_EXERCISE_
Carry none of the pictures over; write out the complete data exactly.

_DATA EXTRACT_
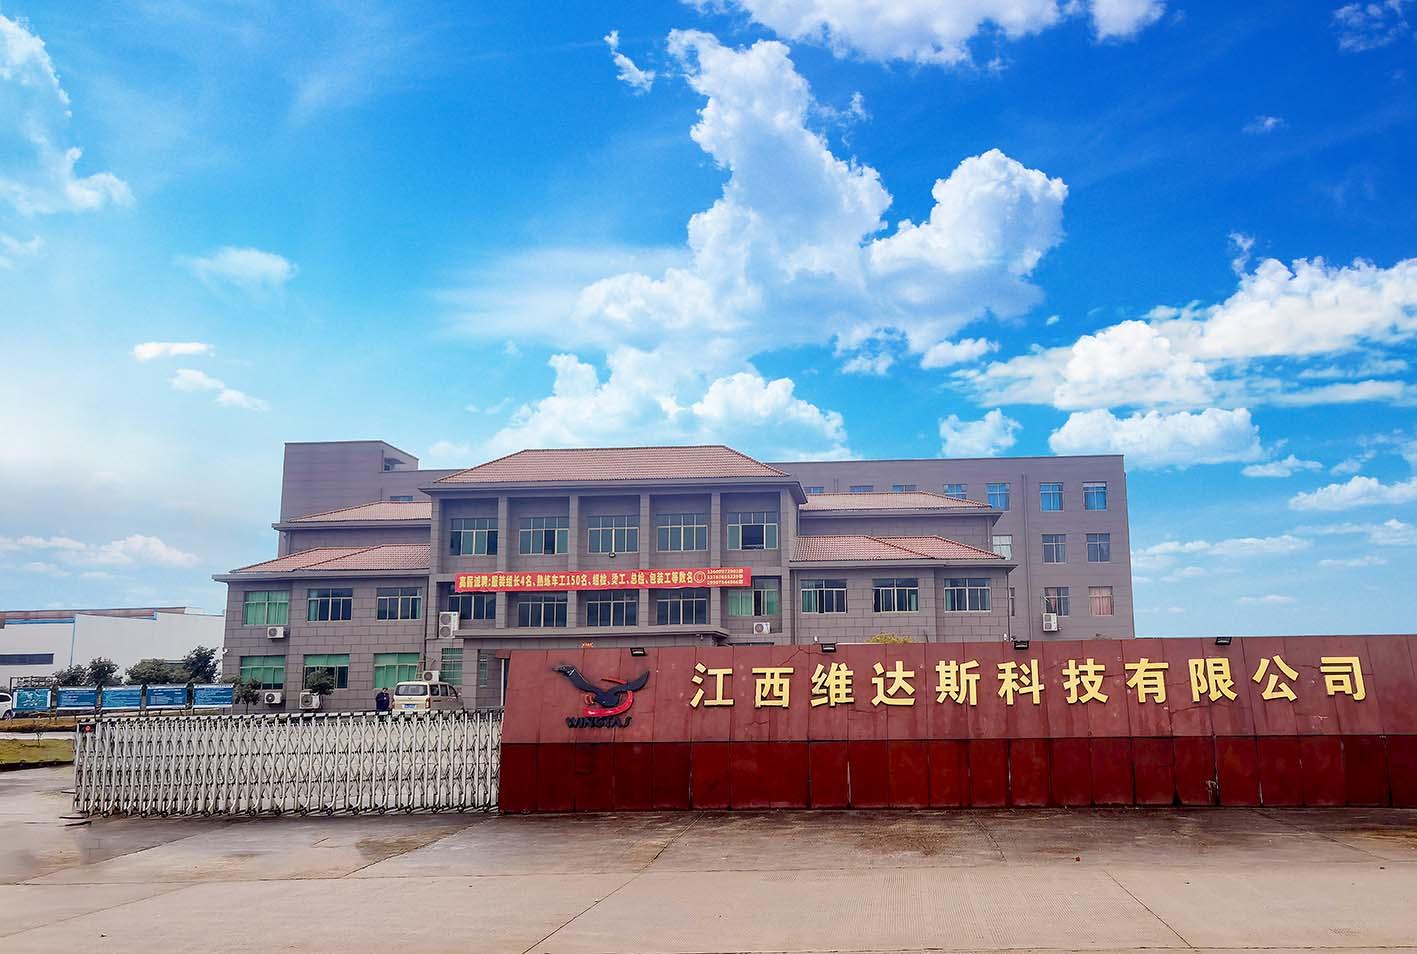 江西维达斯工厂2缩小.jpg
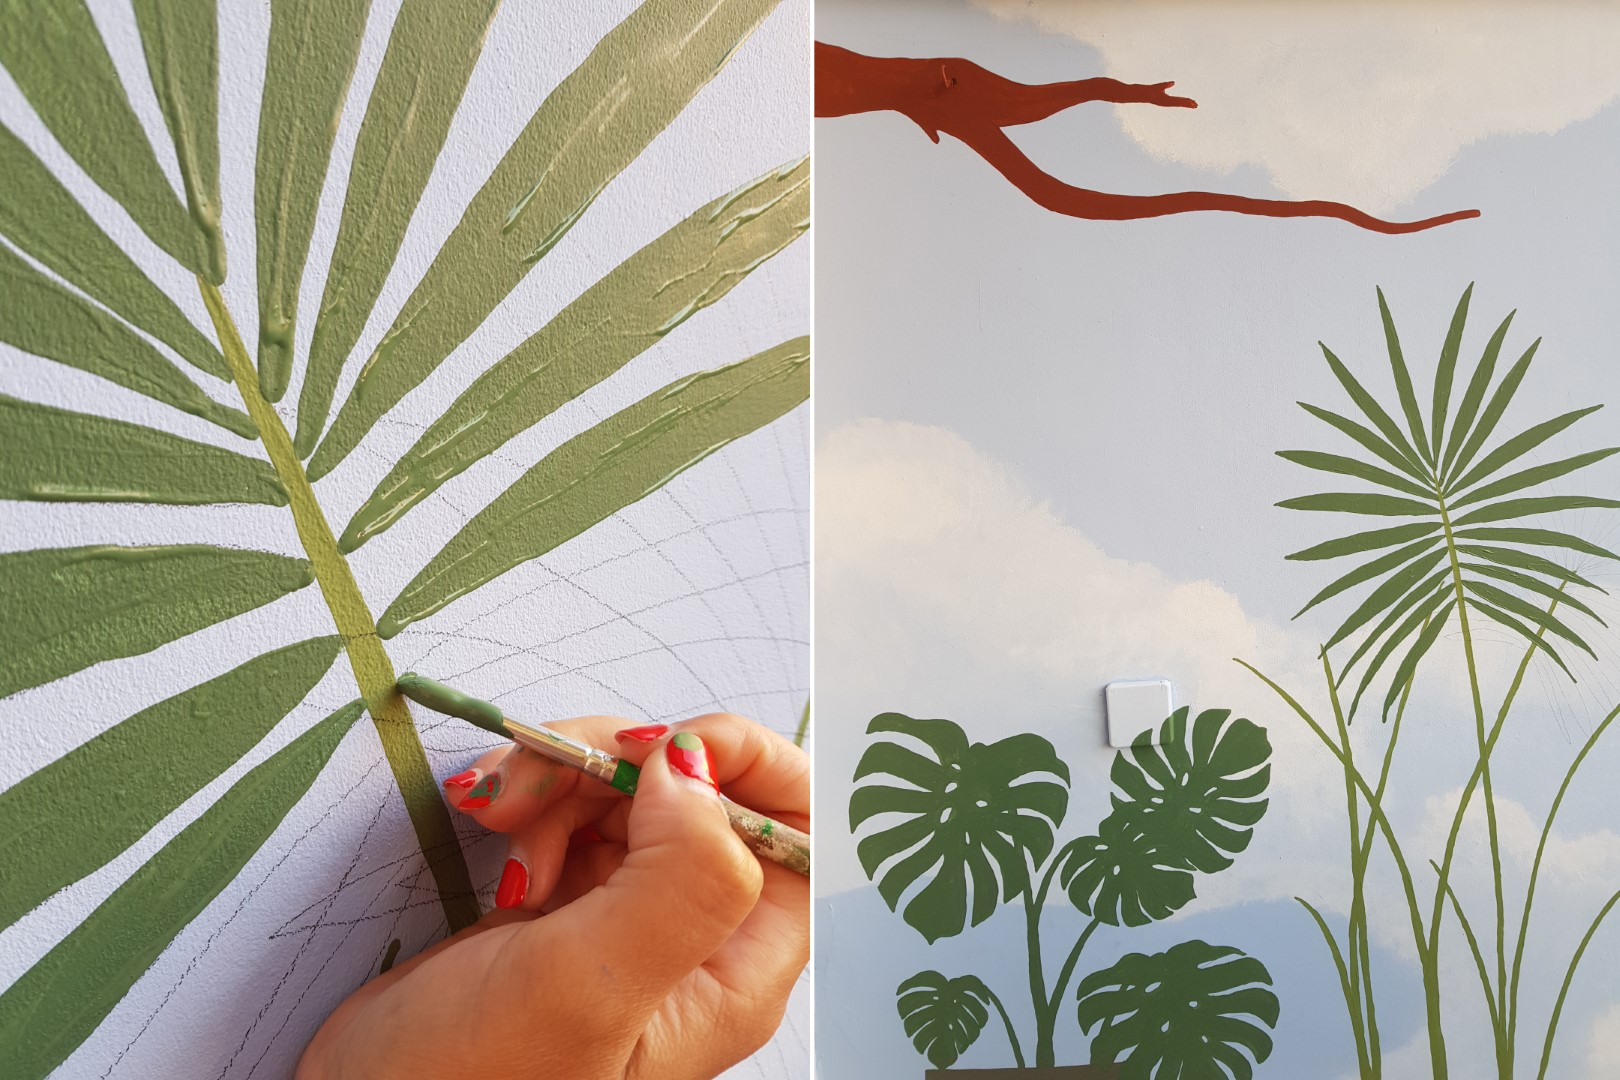 צבעים, ציור קיר במרפסת
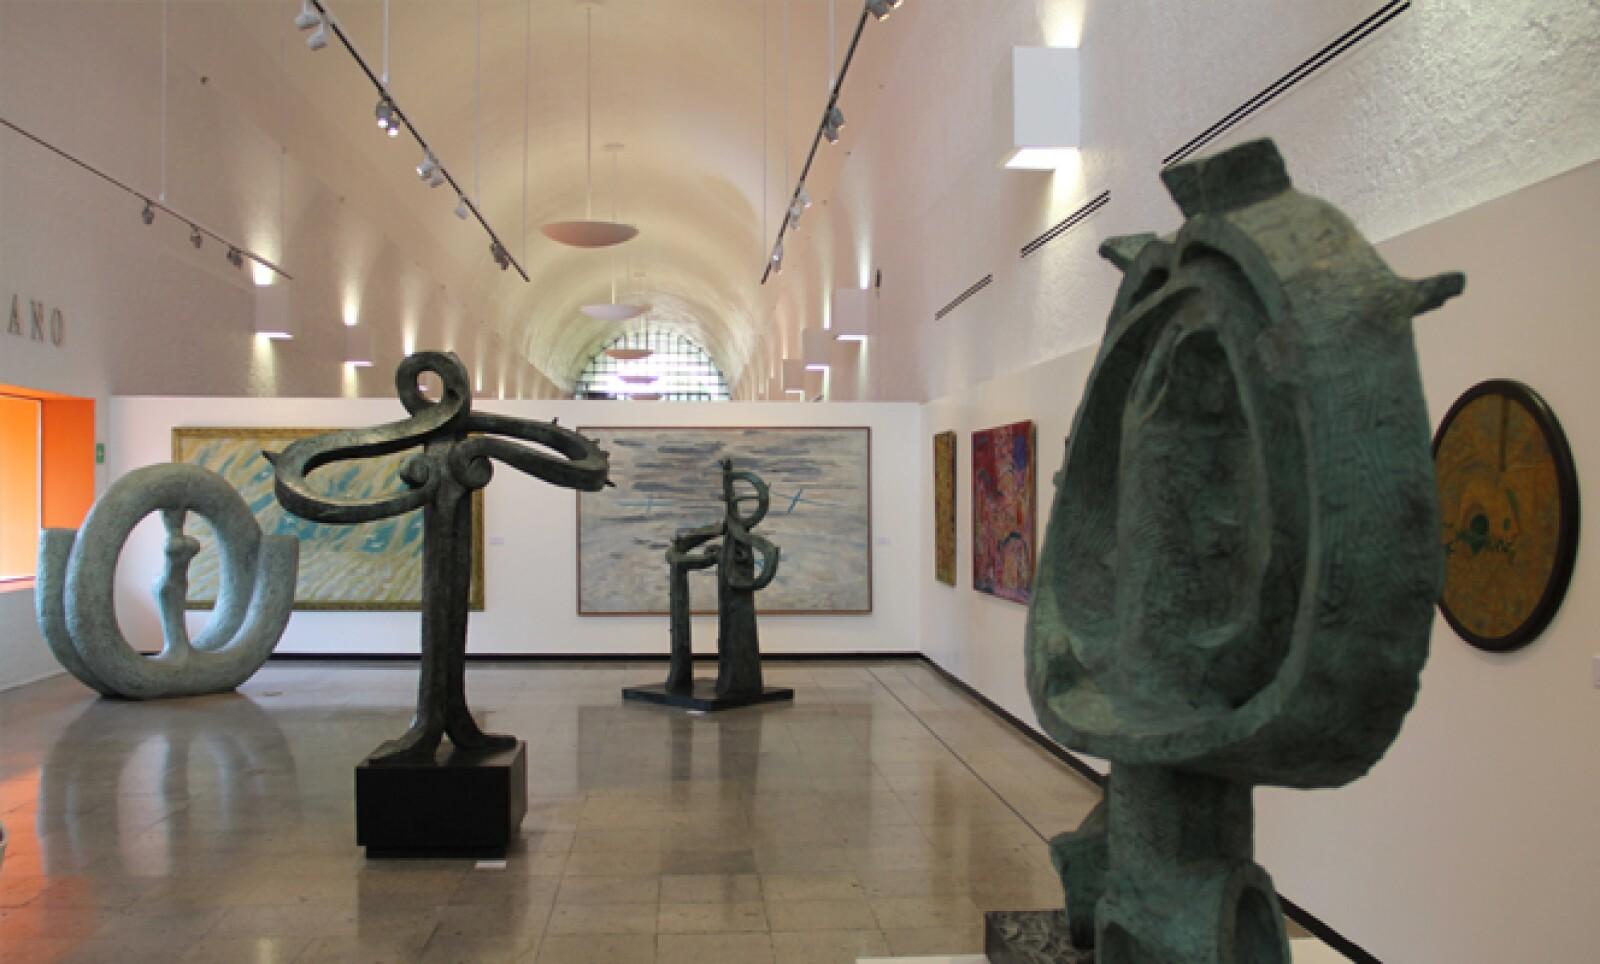 Cuatro de las obras en exhibición son inéditas: Batalla de amor (1960), Avión (1981), Pájaro I y Pájaro II (1958).
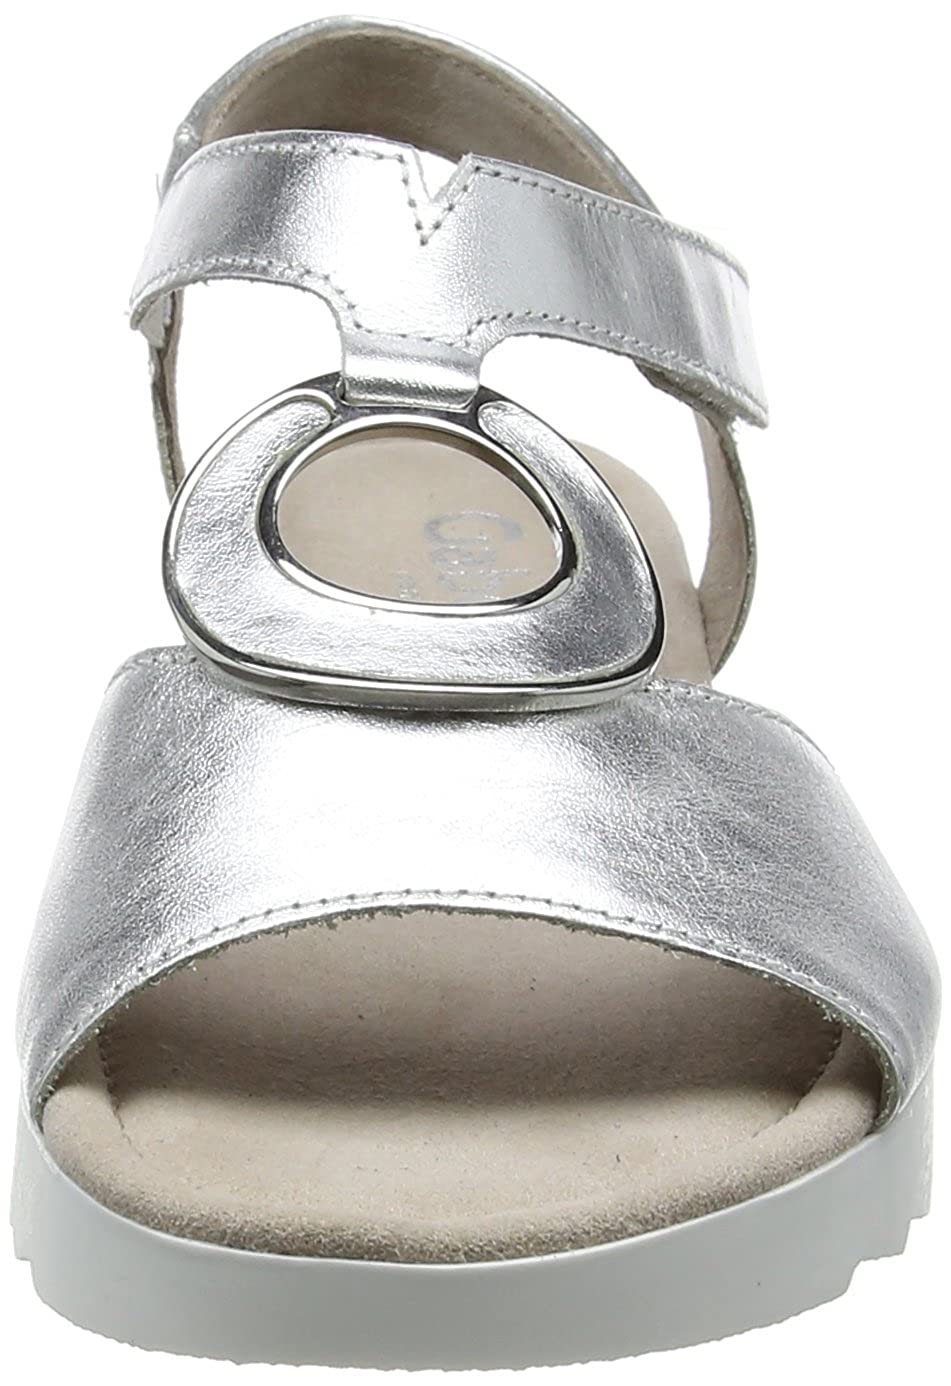 Gabor Comfort Sport, Sandali con Cinturino alla Caviglia Donna Donna Donna   Esecuzione squisita  6f70e6

_RESULT OF THE EXERCISE_
 江西维达斯工厂2缩小.jpg
 צבעים, ציור קיר במרפסת
 Cuatro de las obras en exhibición son inéditas: Batalla de amor (1960), Avión (1981), Pájaro I y Pájaro II (1958).
 Gabor Comfort Sport, Sandali con Cinturino alla Caviglia Donna Donna Donna   Esecuzione squisita  6f70e6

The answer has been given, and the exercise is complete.